To this I reply, that the Flute has had more than its due share of reproach and much less than its fair amount of treatment, for the plain reason that each successive change of form or mechanism involved some change in the system of fingering.  In each case the player was compelled to re-learn as well as to forget something.

The only instrument I know of that bears any analogy to the Flute in point of general use and popularity is the piano-forte; to it none of these objections applied.  In the different stages of its development no such change or difficulty was imposed upon the player - it merged successively from and through its different stages of Virginal, Spinet, Clavichord, and Harpsichord to the modern perfect piano-forte; yet the system of its key-board, arranged so as to suit the human hand, remained practically the same.  Each step in its renovation involved the player in no new perplexity; each improvement to its tone or change in its internal structure served but to draw forth the consent and approval of all players, inasmuch as the point gained created no new difficulty but was an obvious development of the natural resources of the instrument.

Nothing at all similar to this can be found in the late flute improvements.  The greater part of those who appeared as flute reformers had really no established principles on which to work; each one set up a theory of his own and saw, or thought he saw, a chain of brilliant results likely to arise: one staked his reputation upon the open keyed system, and found to his cost that in its practical working it became to all intents a closed, shut up, or veiled system; another relieved a weak finger at the expense of a strong one; a single note was improved at the sacrifice of two or three others; certain passages were rendered easy, but the difficulty was distributed elsewhere.  All the fine theories as to fingering, tone, and tune, were blown to the winds by the searching test of practice; experiment was heaped upon experiment, conjecture upon conjecture; opinion was waged against opinion; imagination and dreams of success helped to keep up all this enthusiasm and in his failure served to sustain the disheartened essayist.

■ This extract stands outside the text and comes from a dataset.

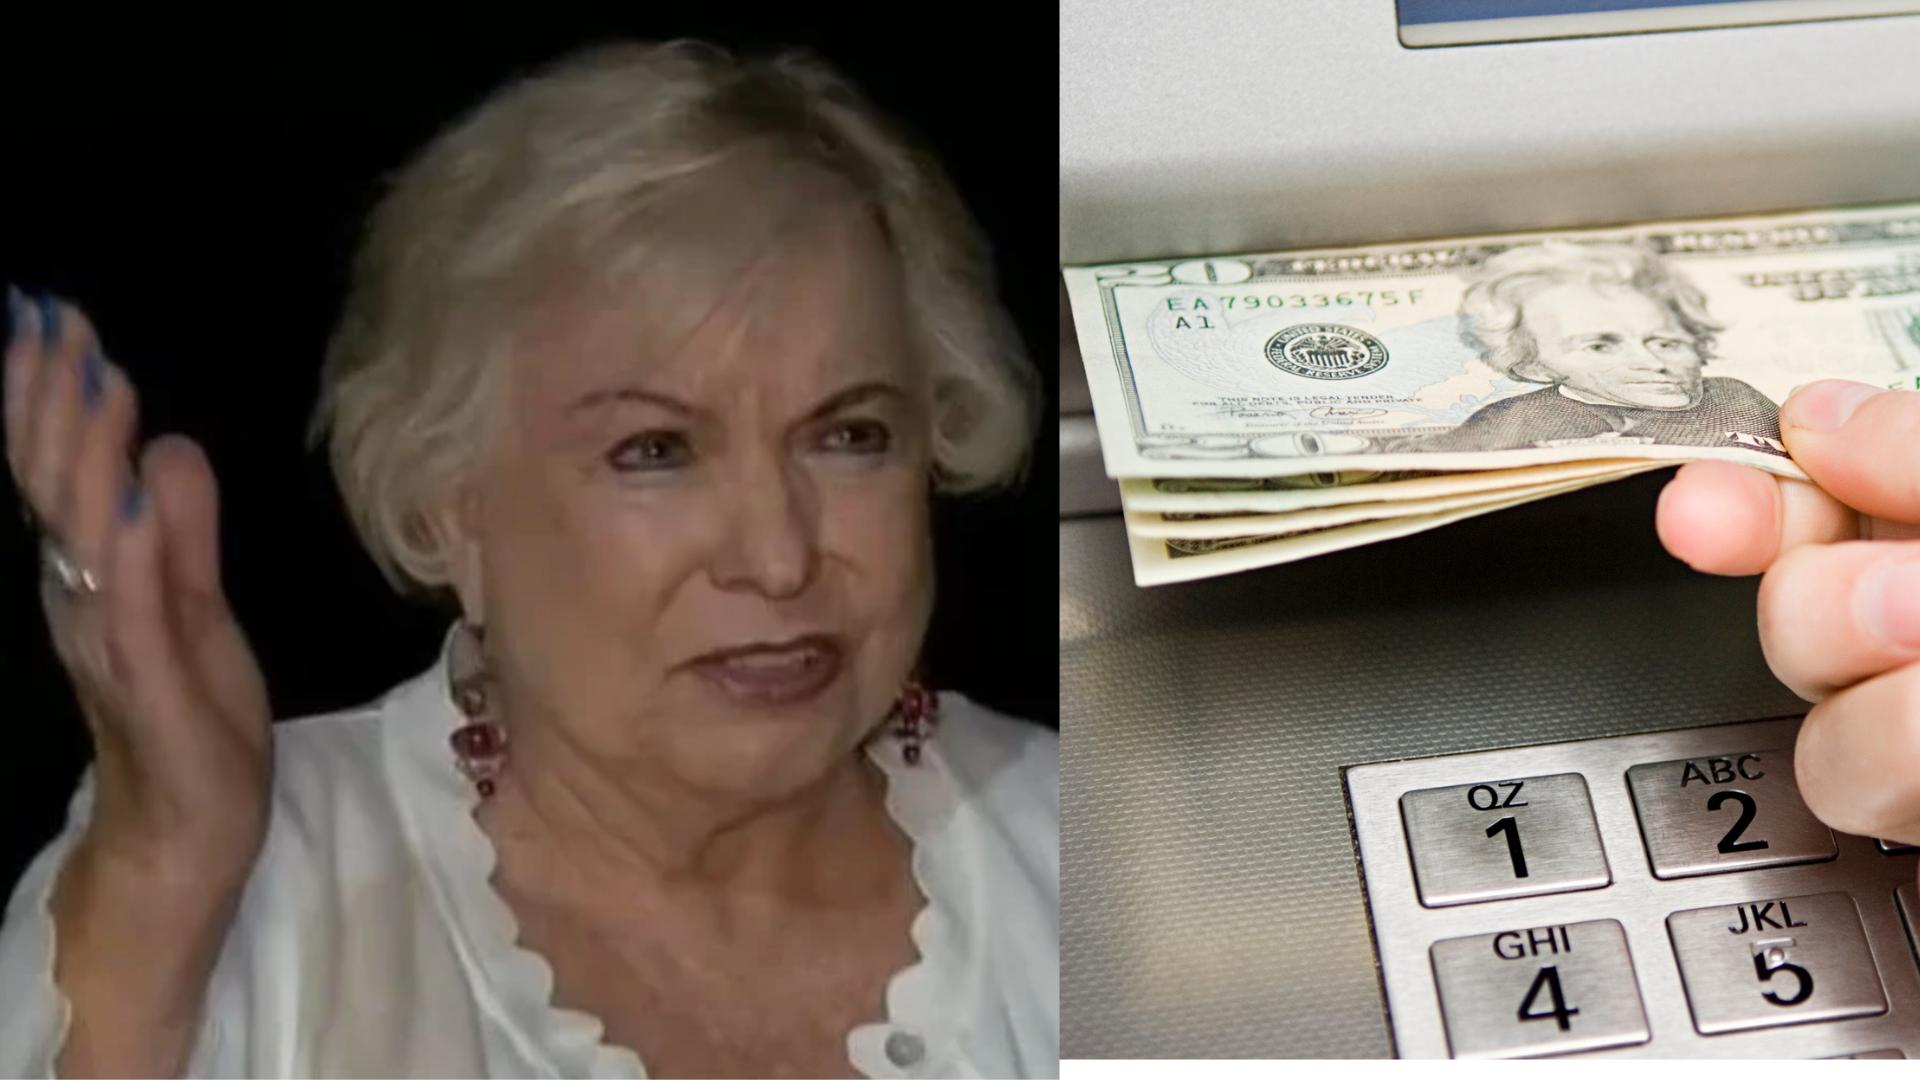 Mujer va al cajero y se da cuenta que le depositaron millones de pesos

The results, as we find them, were such as might have been expected - the amount of players not professionally interested in the flute gradually decreased - from being an unfailing source of the evening's amusement, the ornament and the charm of every drawing-room, the flute became the tenant chiefly of the orchestra and the workshop; it ceased to occupy a place as before in the domestic concert; its sweet vocality was remembered and regretted, but its sound was no longer heard.  It must be evident to all readers that an instrument of such importance in the orchestra as this could not possibly suffer annihilation, that its services in concerted music were being professionally called upon each day in the week, and therefore the only point in which it could suffer was in that of its popularity as a chamber instrument; it was also clear that a time would sooner or later arrive when all possible experiments having been made and tried, some sort of general and sound agreement would be come to as to its form, structure, and mechanism.

I do not know how far the several manufacturers or proprietors of flutes are prepared to concede the point, but this I do know, that the number of new inventions and experiments upon the instrument have almost ceased; I know that all players, professional and non-professional, have tacitly come to some sort of understanding as to the flute of their adoption.  I also know from experience that it must now be a man's own fault if he do not possess an instrument of a very fine quality, and therefore I draw the obvious conclusion that the flute, after being experimented upon in every possible way, has at length arrived to as high a state of perfection as from its nature it can ever reach.

It may be inquired which flute then, among so many, is the best?  The question often has been asked me, and my answer in a general sense would still be that one which is the most practical; but this is vague; some advocate this quality for one, some for another. The worst of the matter is that any experimentalist, should he invent or alter but a  single key, calls such invention a theory or system, and he attempts to show that the acoustical properties of the flute demand this key, or this alteration. Such statements are hardly worth the ordinary trouble of refutation, nor can it be supposed that any unprejudiced person would sit down calmly and gravely to discuss the point. 

For my own part, I am not inclined to put much faith in any of the so-called flute theories I have read; nothing approaching to a sound or legitimate theory have I ever seen laid down -  all has been what the ancients might have called "vox et praeterea nihil."   I think it will be found that the theory of acoustics, as applied to the flute, has in the abstract but small weight, and that the principle upon which a single tube is formed to produce a succession of sounds is much more simple than what has been generally believed.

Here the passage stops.